The great majority of neuroscientists carry out highly focused, hypothesis-driven research that can be powerfully framed in the context of known circuits and functions. Such efforts are complemented by a growing number of projects that provide large datasets aimed not at testing a specific hypothesis but instead enabling data-intensive discovery approaches by the community at large. Notable successes include gene expression atlases from the Allen Institute for Brain Sciences (4) and the GENSAT project (5), and disease-specific human neuroimaging repositories (6). However, the neuroscience community is not yet fully engaged in exploiting the rich array of data currently available, nor is it adequately poised to capitalize on the forthcoming data explosion.
Below we highlight several major endeavors that provide complementary perspectives on the challenges and opportunities in neuroscience data mining. One is a set of “connectome” projects that aim to comprehensively describe neural circuits at either the macroscopic or the microscopic level. Another, the Neuroscience Information Framework (NIF), encompasses all of neuroscience and provides access to existing knowledge and databases of many types. These and other efforts provide fresh approaches to the challenge of elucidating neural choreography.
Connectomes – Macroscopic and Microscopic
Brain anatomy provides a fundamental three-dimensional framework around which many types of neuroscience data can be organized and mined. Decades of effort have revealed immense amounts of information about local and long-distance connections in animal brains. A wide range of tools (e.g. immunohistochemistry, in situ hybridization) have characterized the biochemical nature of these circuits that are studied electrophysiologically, pharmacologically and behaviorally (7). Several ongoing efforts aim to integrate anatomical information into searchable resources that provide a backbone for understanding circuit biology and function (8, 9, 10). The challenge of integrating such data will dramatically increase with the advent of high throughput anatomical methods, including those emerging from the nascent field of connectomics.
A ‘connectome’ is a comprehensive description of neural connectivity for a specified brain region at a specified spatial scale (11,12). Connectomics currently includes distinct subdomains for studying the macro-connectome (long-distance pathways linking patches of gray matter) and the micro-connectome (complete connectivity within a single gray matter patch).
The Human Connectome Project
Until recently, methods for charting neural circuits in the human brain were sorely lacking (13). This situation has changed dramatically with the advent of noninvasive neuroimaging methods. Two complementary modalities of MRI (magnetic resonance imaging) provide the most useful information about long-distance connections. One modality uses diffusion imaging to determine the orientation of axonal fiber bundles in white matter, based on preferential diffusion of water molecules parallel to these fiber bundles. Tractography is an analysis strategy that uses this information to estimate long-distance pathways linking different gray-matter regions (14, 15).
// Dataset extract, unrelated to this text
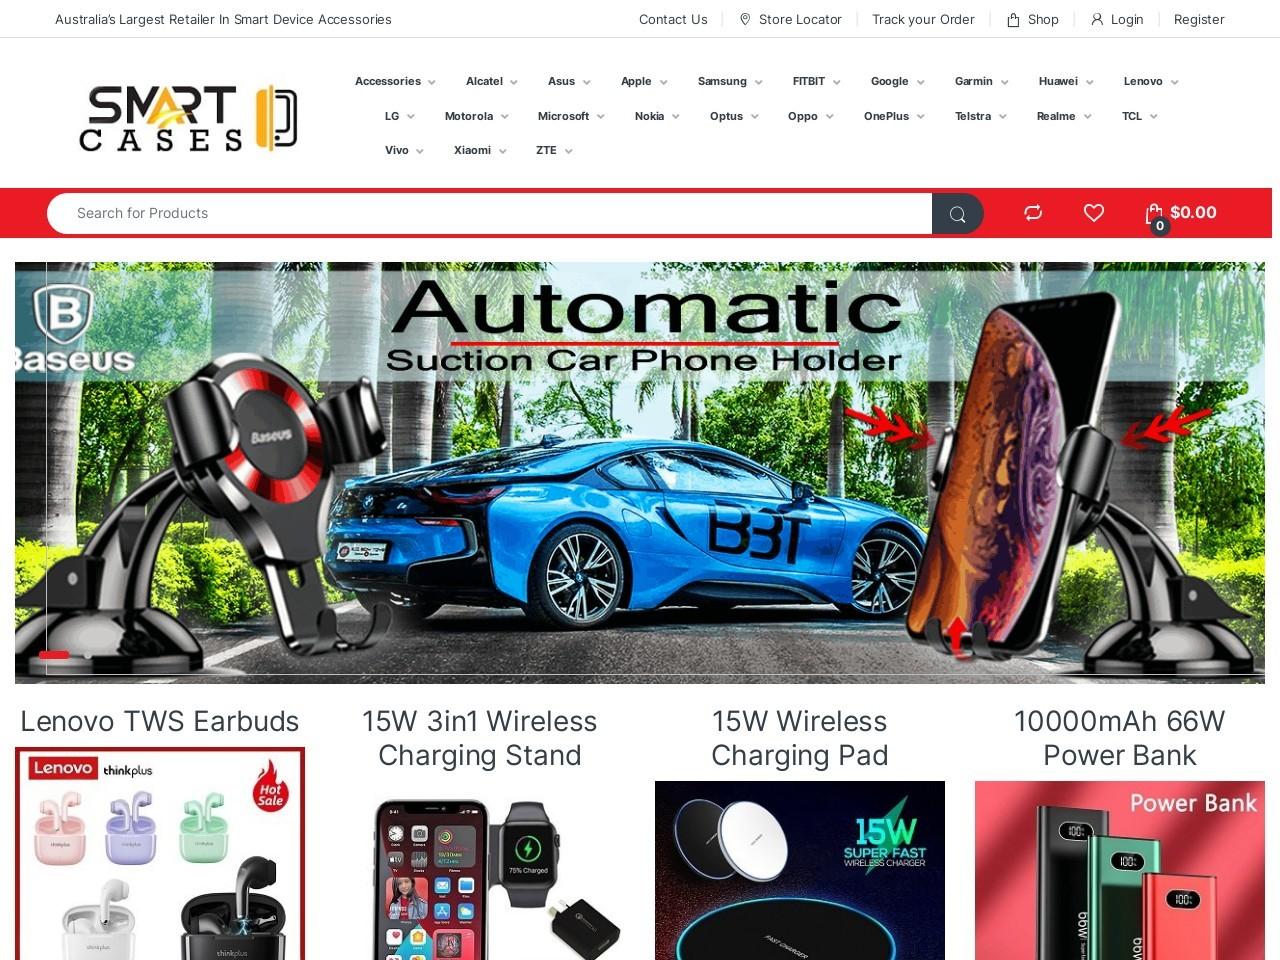 Motorola Moto E7 Accessories For Sale | Smart Cases | Free Shipping

A second modality, resting-state functional MRI (R-fMRI), is based on slow fluctuations in the standard fMRI ‘BOLD’ signal that occur even when subjects are at rest. The time courses of these fluctuations are correlated across gray-matter locations, and the spatial pattern of the resultant ‘functional connectivity’ correlation maps are closely related but not identical to the known pattern of direct anatomical connectivity (16, 17). Diffusion imaging and R-fMRI each have important limitations, but together they offer powerful and complementary windows on human brain connectivity.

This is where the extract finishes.